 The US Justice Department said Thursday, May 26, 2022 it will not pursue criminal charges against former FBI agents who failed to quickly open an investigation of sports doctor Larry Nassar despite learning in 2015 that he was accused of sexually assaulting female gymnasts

---

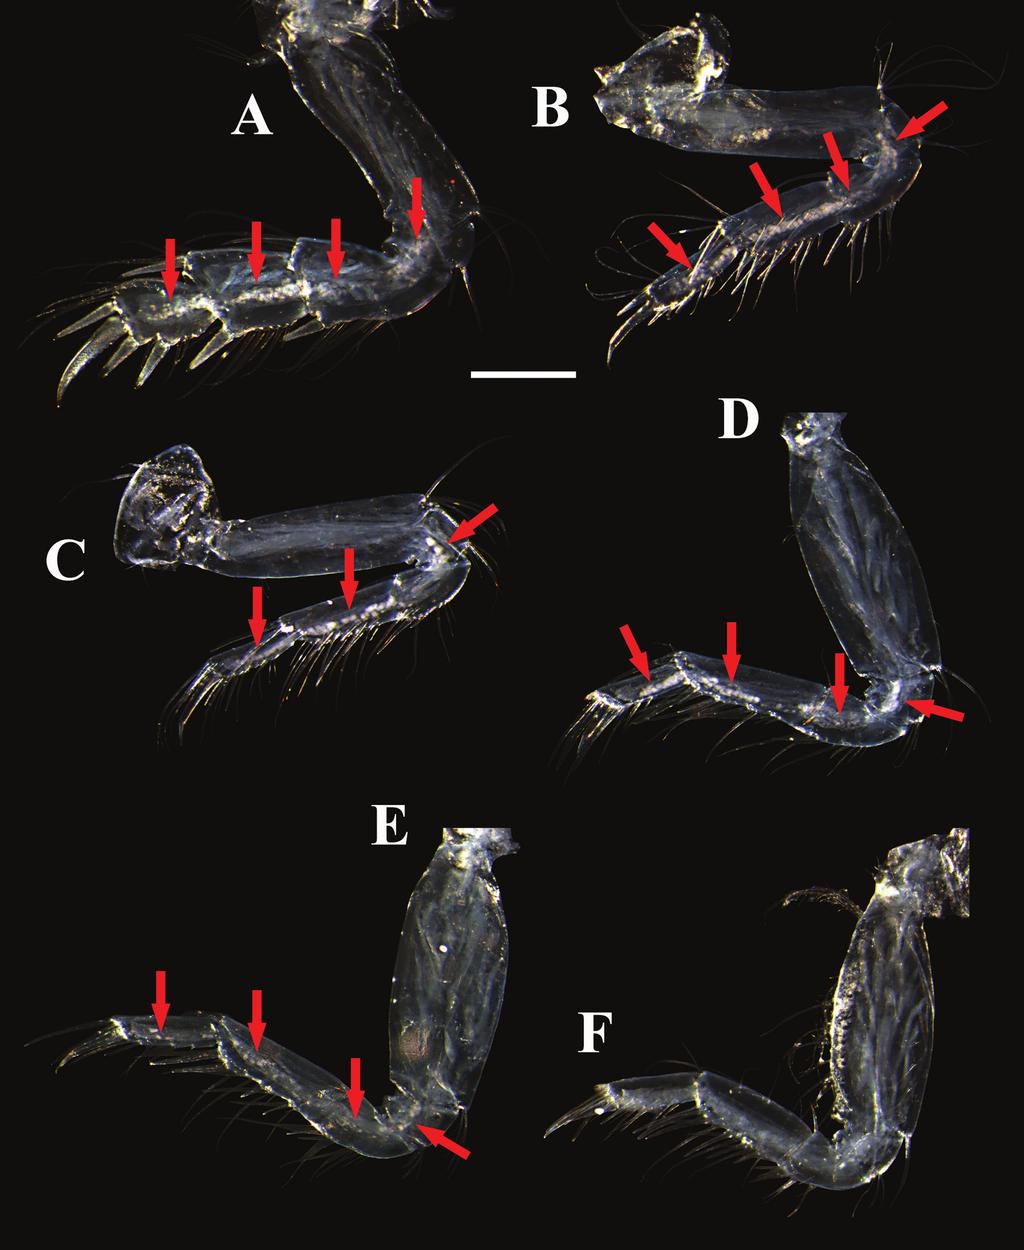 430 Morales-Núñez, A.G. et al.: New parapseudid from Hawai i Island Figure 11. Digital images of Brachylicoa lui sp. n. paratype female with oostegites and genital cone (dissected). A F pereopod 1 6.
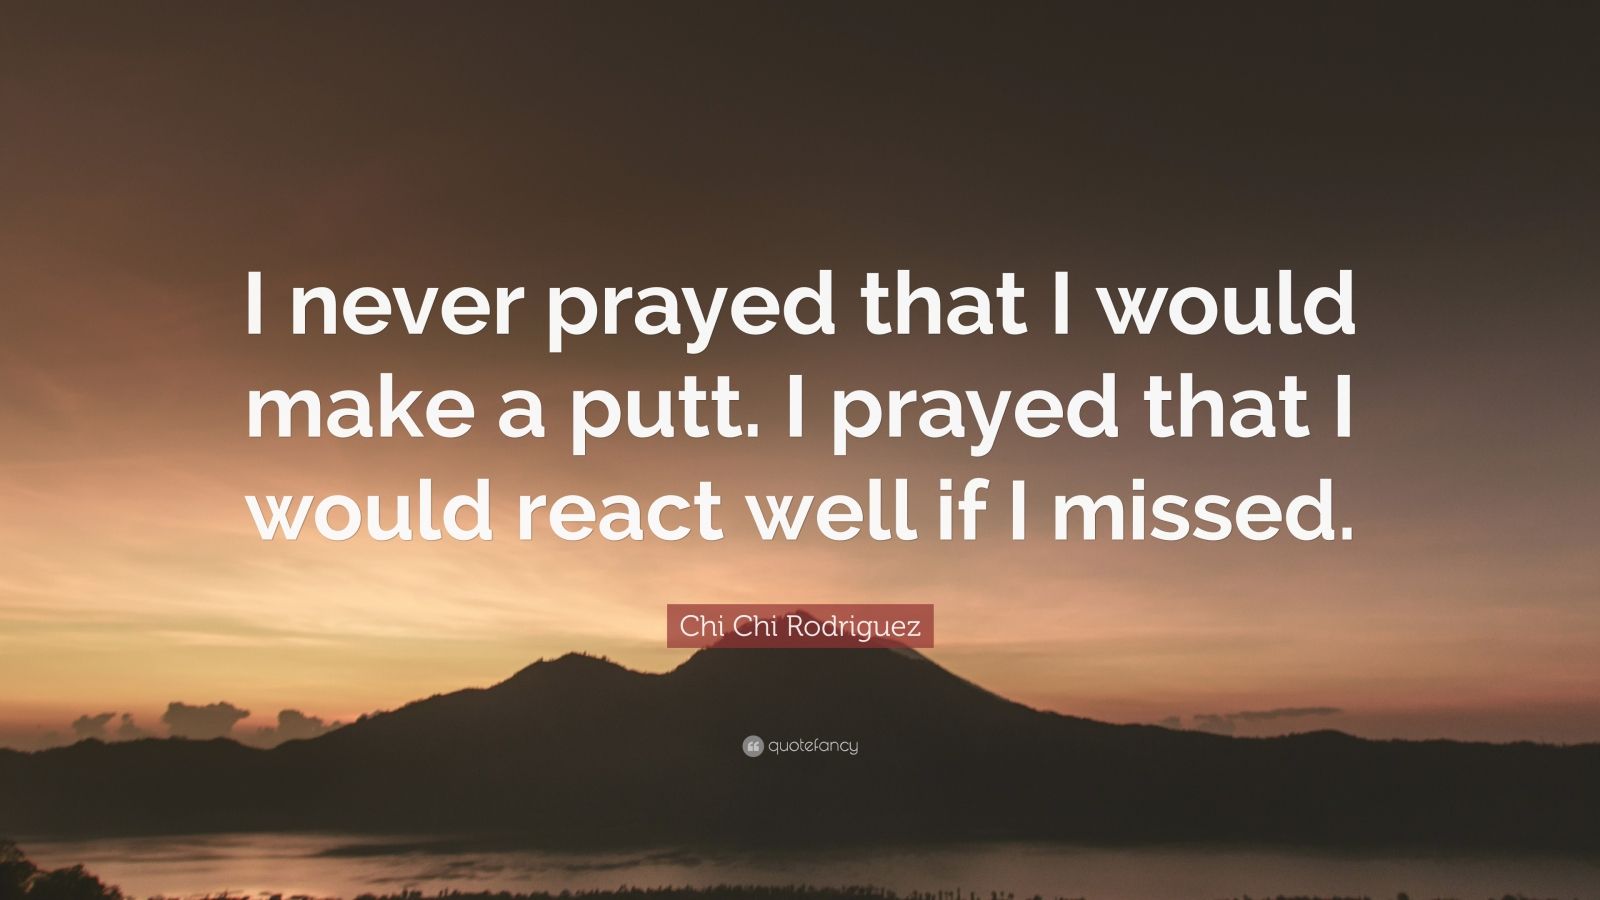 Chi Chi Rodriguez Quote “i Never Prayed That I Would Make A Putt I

---

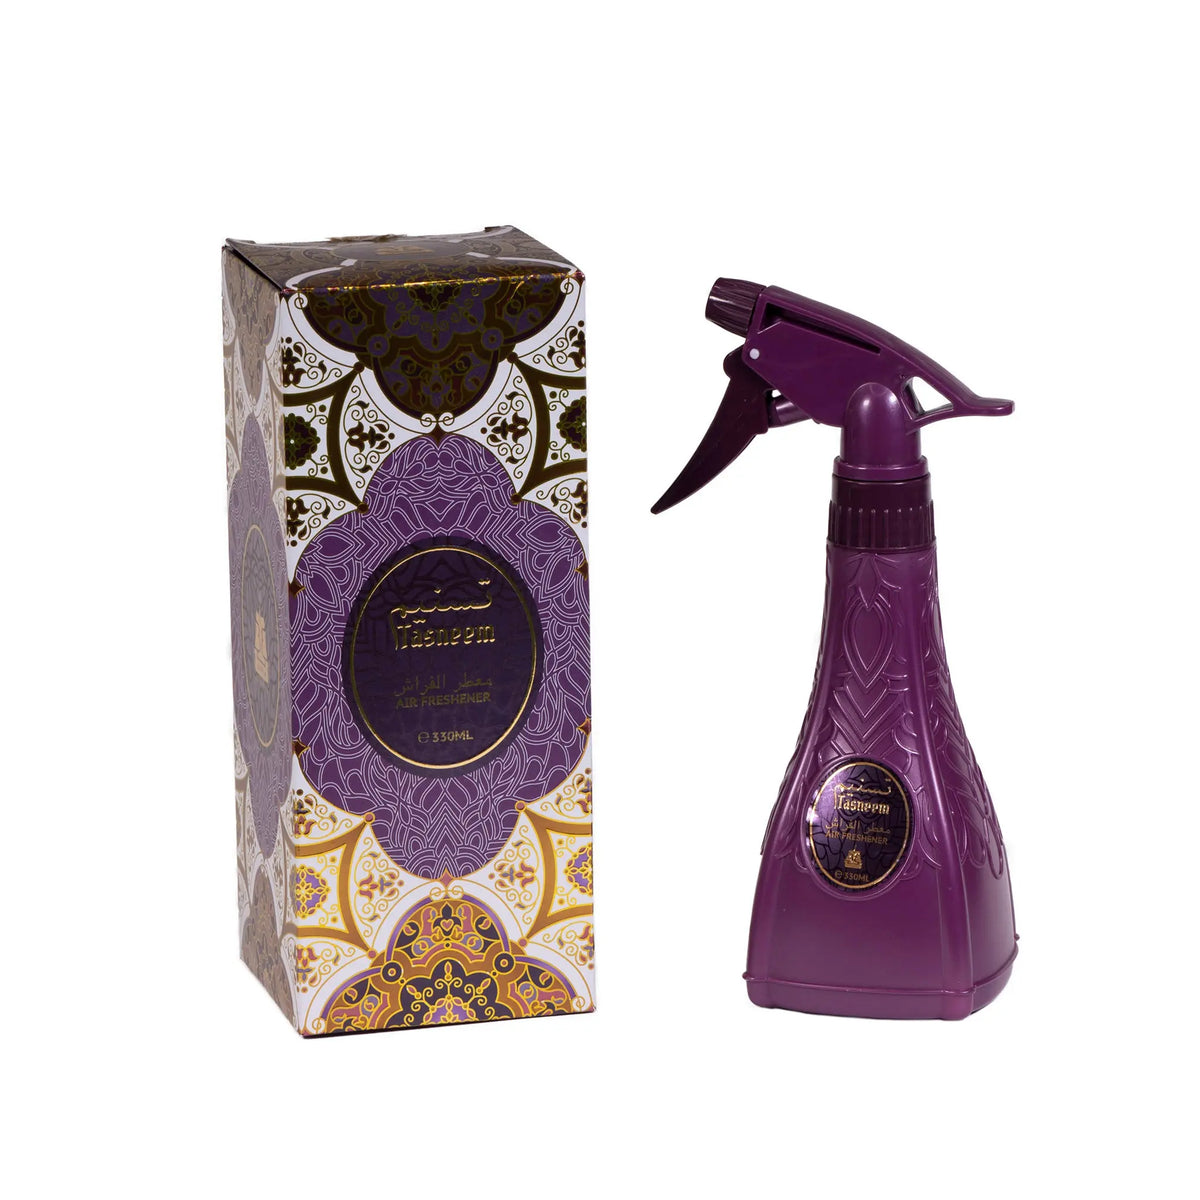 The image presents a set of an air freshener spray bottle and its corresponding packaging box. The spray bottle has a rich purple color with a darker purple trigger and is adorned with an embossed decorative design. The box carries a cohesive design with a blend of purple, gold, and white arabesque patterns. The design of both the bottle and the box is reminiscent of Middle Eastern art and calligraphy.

● **WHAT THE TASK REQUIRES**:
"430 Morales-Núñez, A.G." marks the first line to copy, and "Chi Chi Rodriguez" marks the last. Repeat that stretch above exactly, with no pictures.

● **EXERCISE SOLUTION**:
 430 Morales-Núñez, A.G. et al.: New parapseudid from Hawai i Island Figure 11. Digital images of Brachylicoa lui sp. n. paratype female with oostegites and genital cone (dissected). A F pereopod 1 6.
 Chi Chi Rodriguez Quote “i Never Prayed That I Would Make A Putt I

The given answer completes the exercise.